The Data Platform Team follows a weekly rotation schedule which means that by the end of the triage week the triager will hand over the triage responsibilities.

  • Even though we still use the triage issue on a daily basis, the triager will only write up the week a-sync in the central data team triage issue on Friday end of day.
  • The triager will report/verbalize in the Weekly Data Platform Team meeting any notable things happened on triage on Tuesday in the next week.

Although running a weekly rotation, we expect the triager to post an EOD announcement in the applicable Slack channels.

GitLab.com databases structure changes

GitLab.com databases do regularly change. In order not to break the daily operation, changes to the database needs to be tracked and checked. Any change to the GitLab.com database and CustomerDot database is tracked by the Danger Bot. The Data Team gets notified, by applying labels to the MR, if a change to the db/structure.sql is made.
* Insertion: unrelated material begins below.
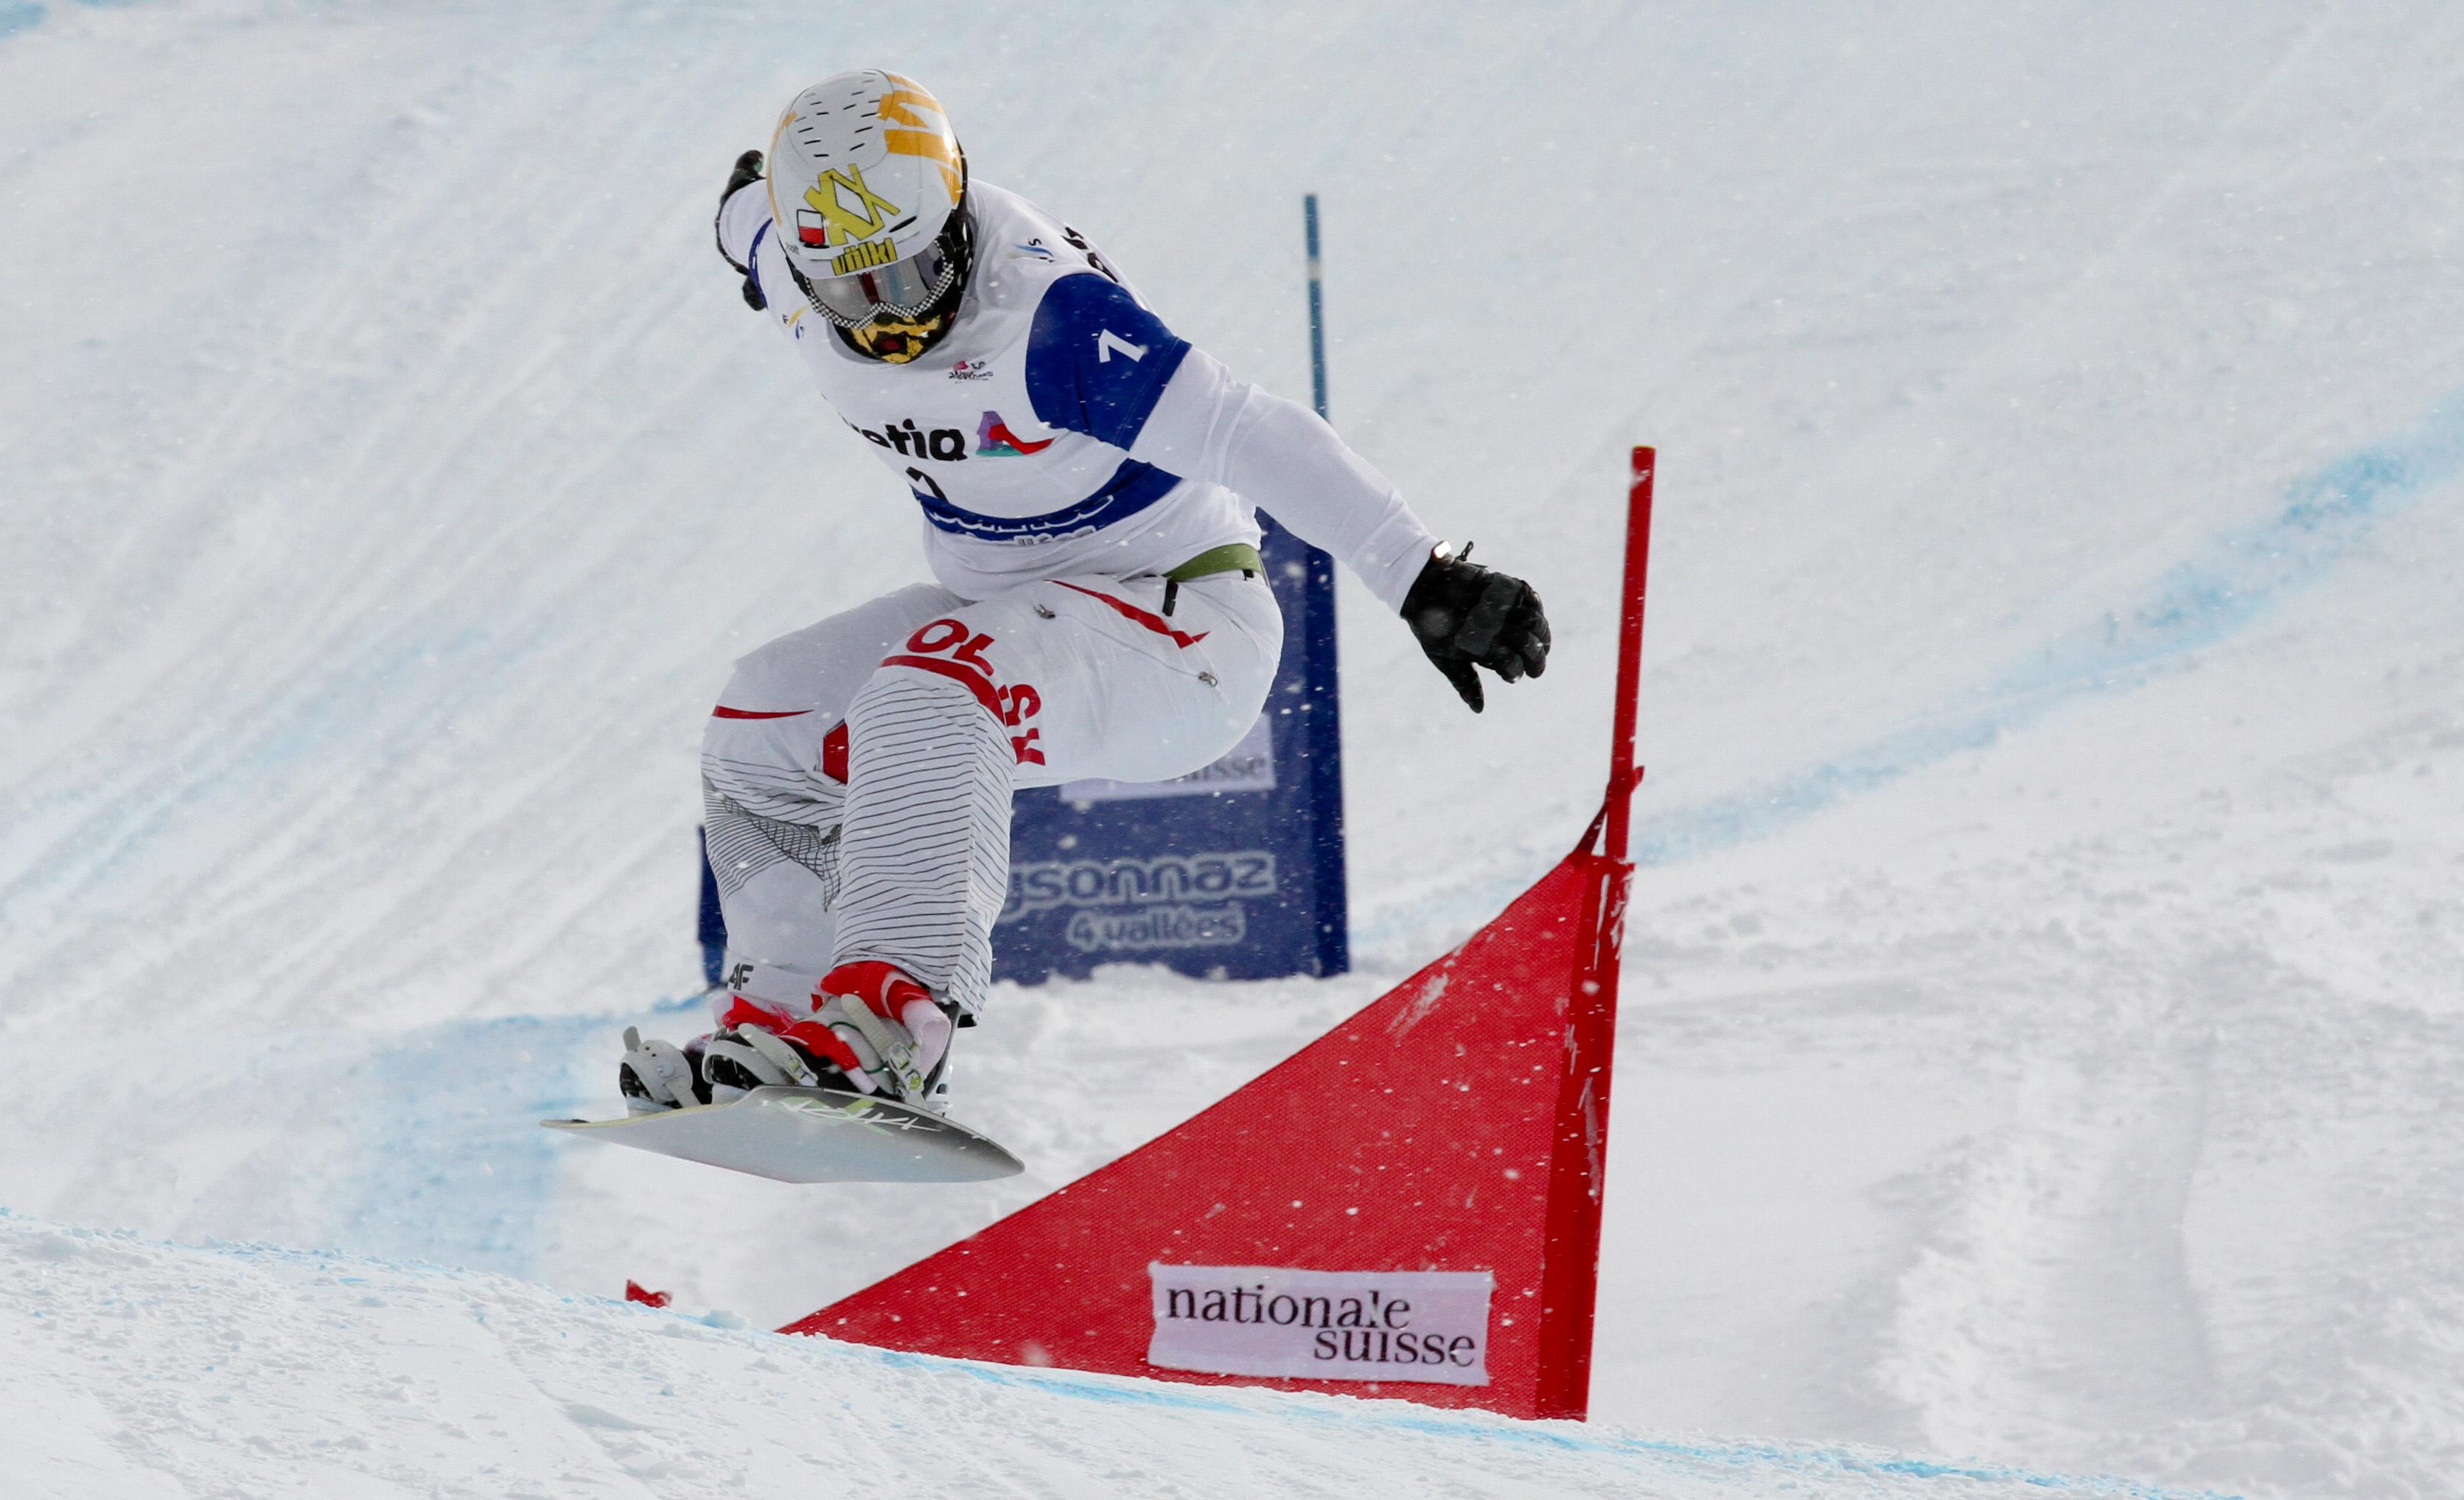 SBX World Cup Veysonnaz - Qualifiers SBX 2 - Mateusz Ligocki (POL)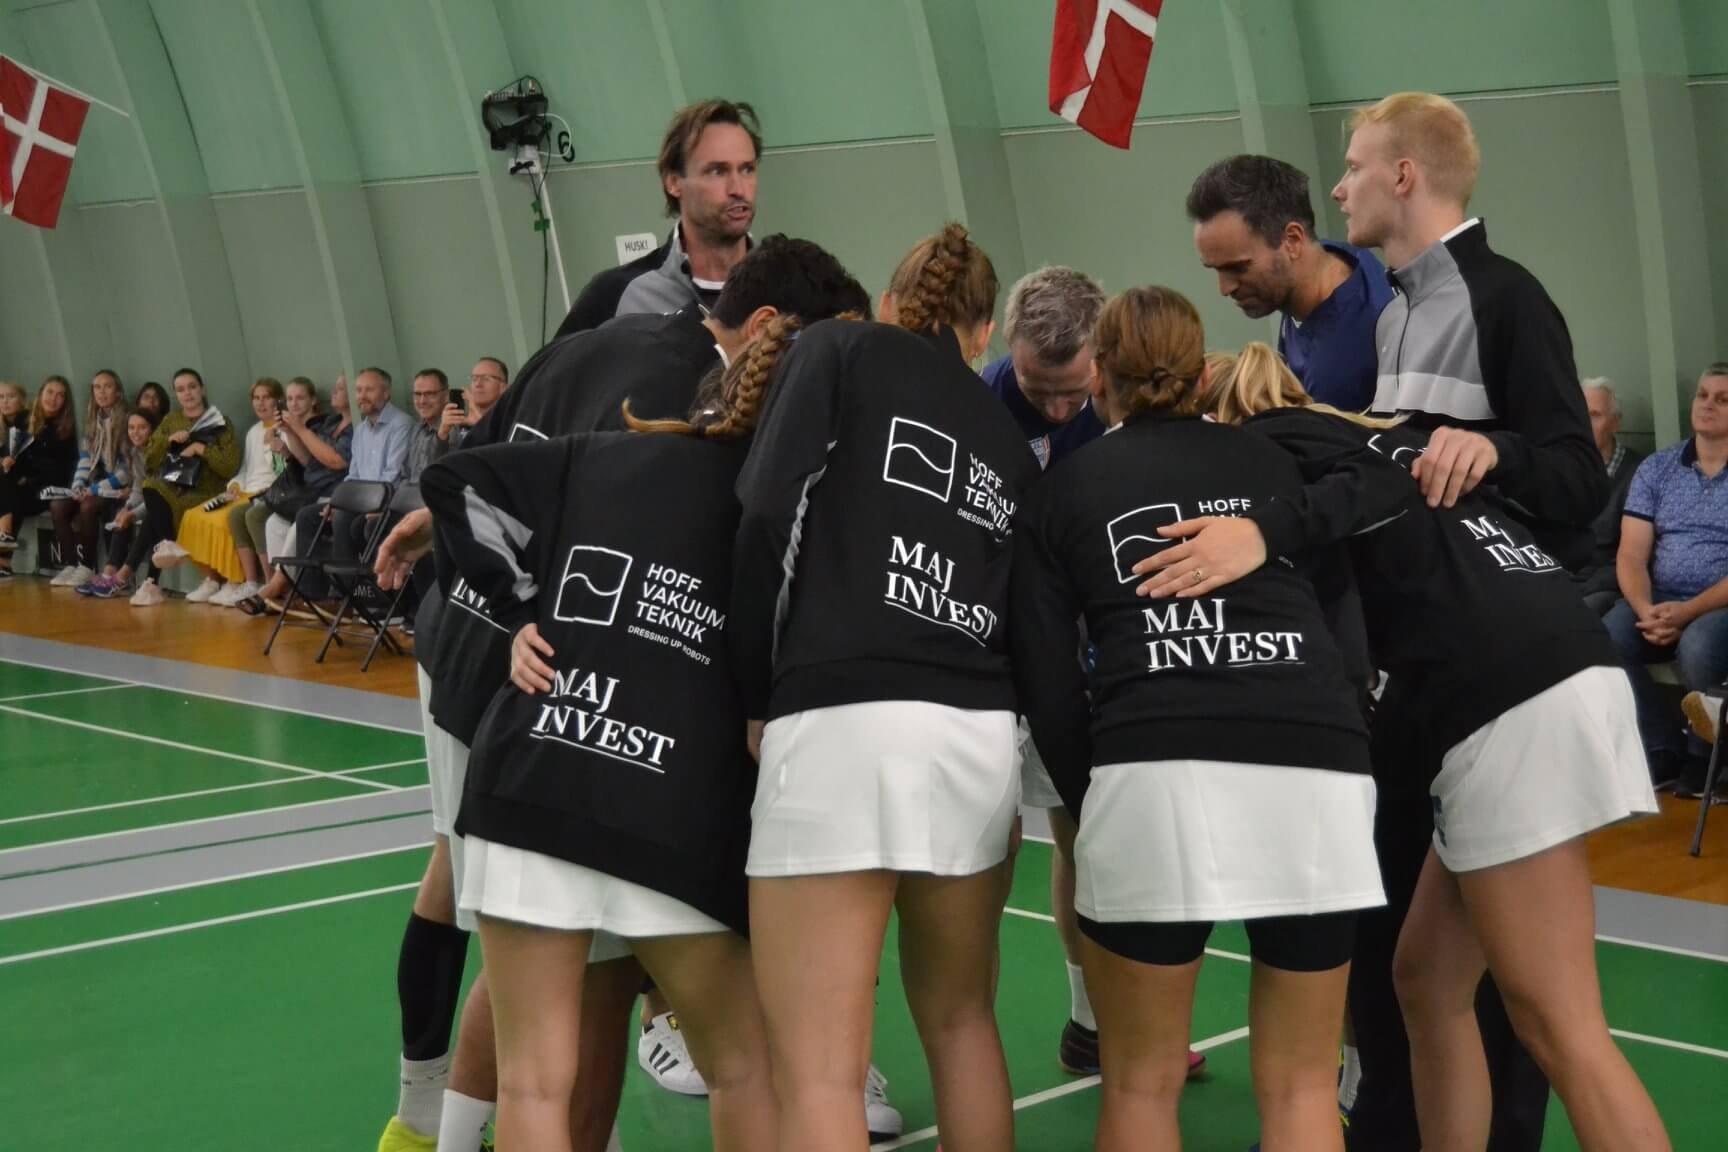 Tine Bay, Højbjerg Badmintonklub

A label Data Warehouse::Impact Check is added by the Danger Bot as call to action for the data team.

  • On triage, the Triager will check for MRs with label Data Warehouse::Impact Check.

The following actions are performed by Data Team Triager:

  • Every merge request (MR) will be judged
    • If MR contains the label group::product intelligence along with Data Warehouse::Impact Check, there are a couple of checks that need to do:

      • Because a new metric is added or the existing one is altered, the Data team should ensure the change will not break the Service ping extraction process
      • Check new metric SQL statement from the original MR (a typical example is gitlab-org/gitlab/merge_requests/75504) and execute it on Snowflake - usually, it is just a SELECT SQL statement
    • If the changes to the SQL file are not causing a break in the operation, the label will be changed to Data Warehouse::Not Impacted.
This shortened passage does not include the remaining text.